- Your task
Copy the listing as it is written, and leave each picture out.
*** Data block ***
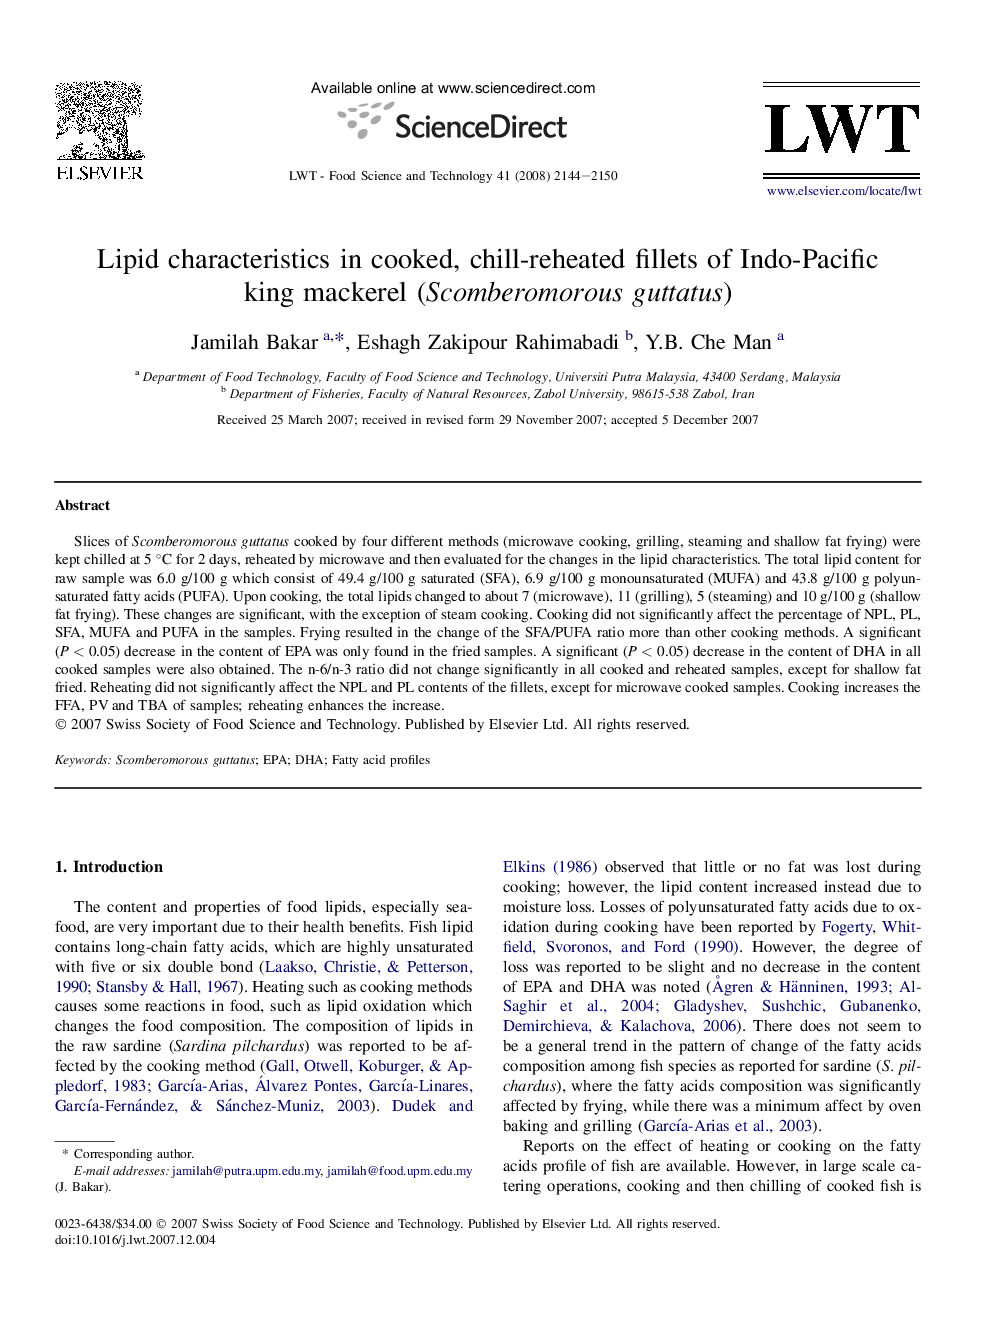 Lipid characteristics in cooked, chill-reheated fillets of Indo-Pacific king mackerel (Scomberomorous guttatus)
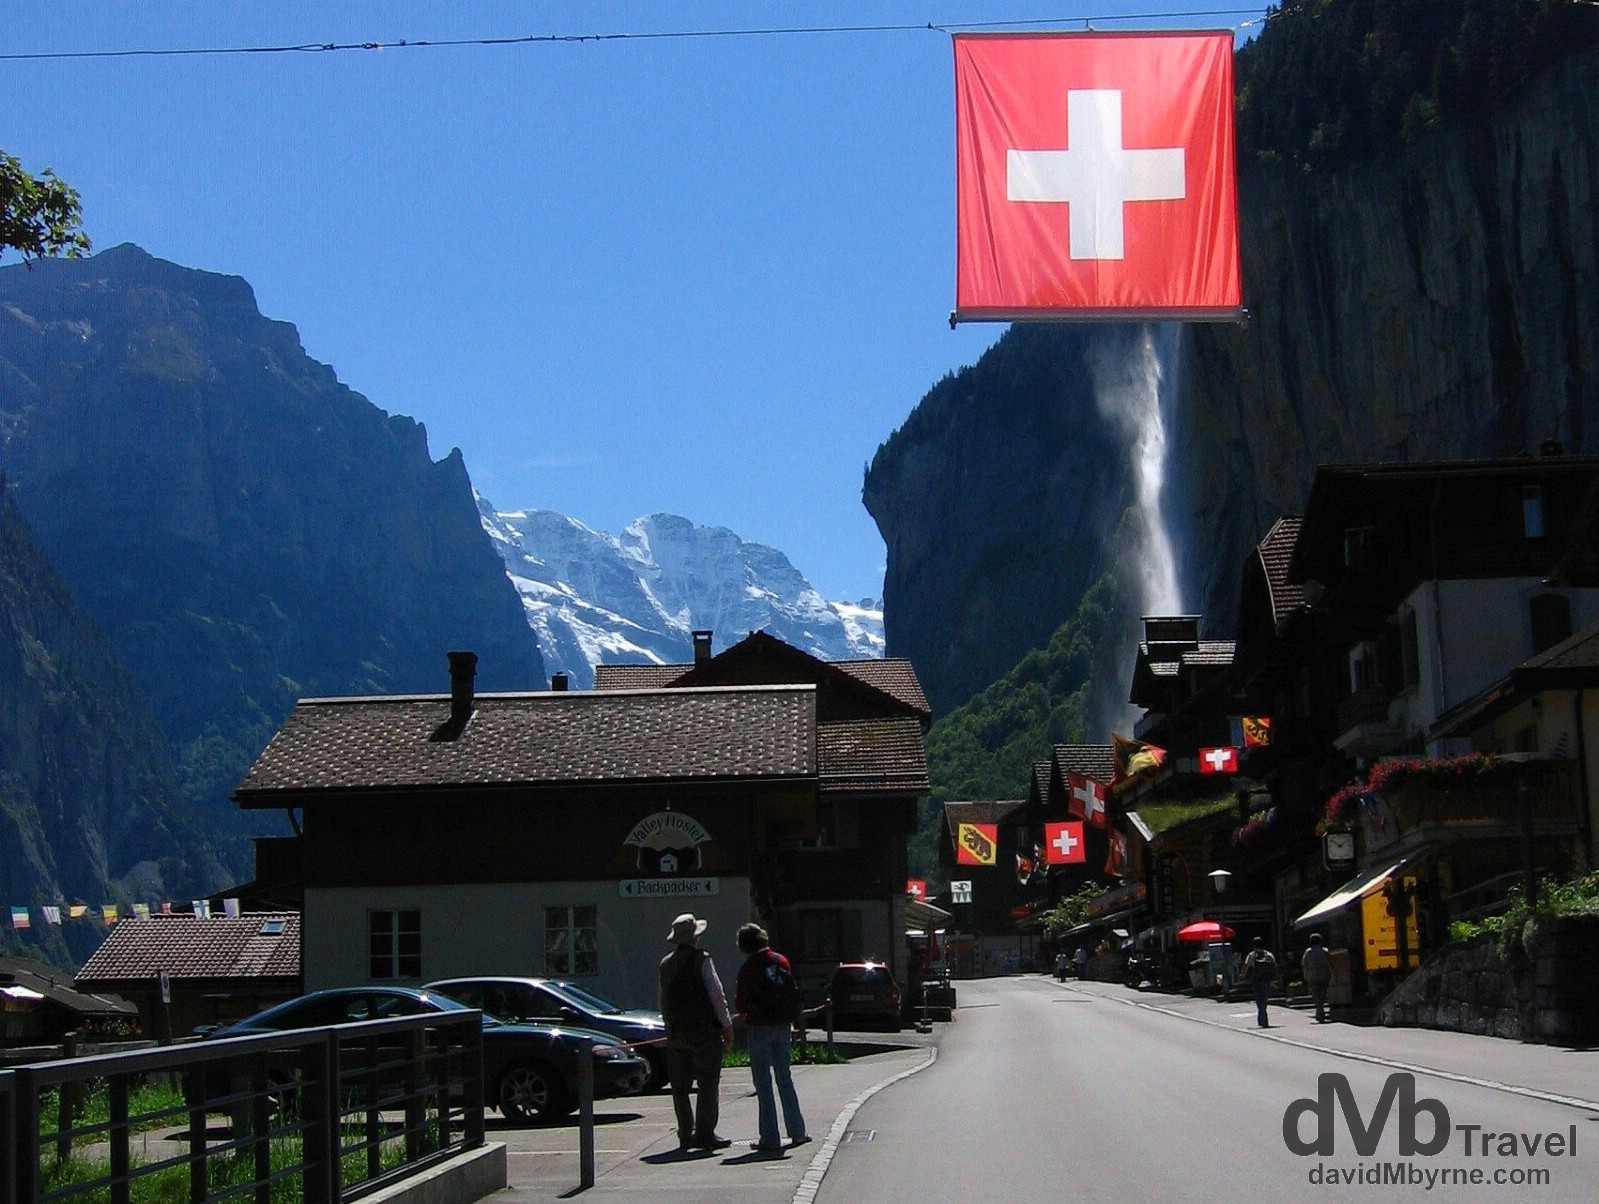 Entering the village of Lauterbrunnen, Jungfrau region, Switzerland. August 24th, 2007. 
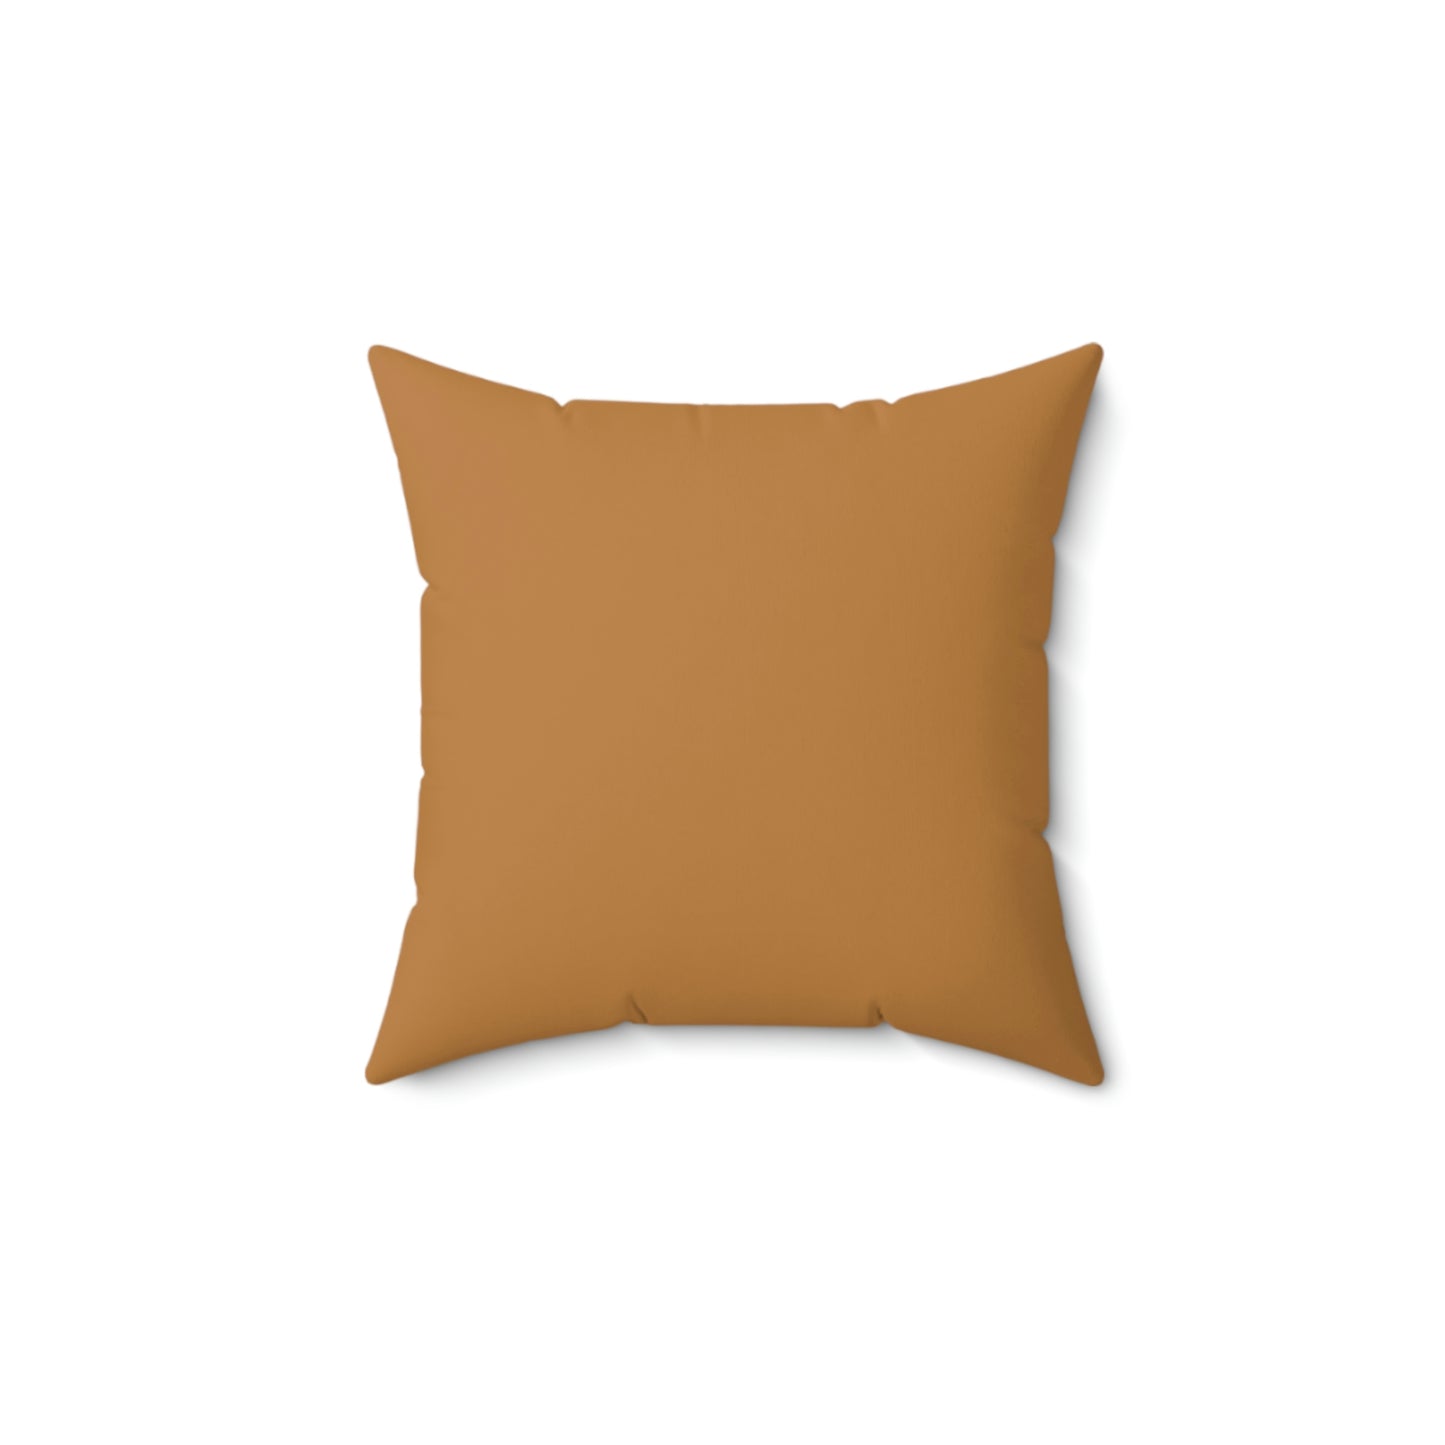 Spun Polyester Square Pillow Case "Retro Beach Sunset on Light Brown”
*** End of Data block ***
- Task response
 Lipid characteristics in cooked, chill-reheated fillets of Indo-Pacific king mackerel (Scomberomorous guttatus)
 Entering the village of Lauterbrunnen, Jungfrau region, Switzerland. August 24th, 2007. 
 Spun Polyester Square Pillow Case "Retro Beach Sunset on Light Brown”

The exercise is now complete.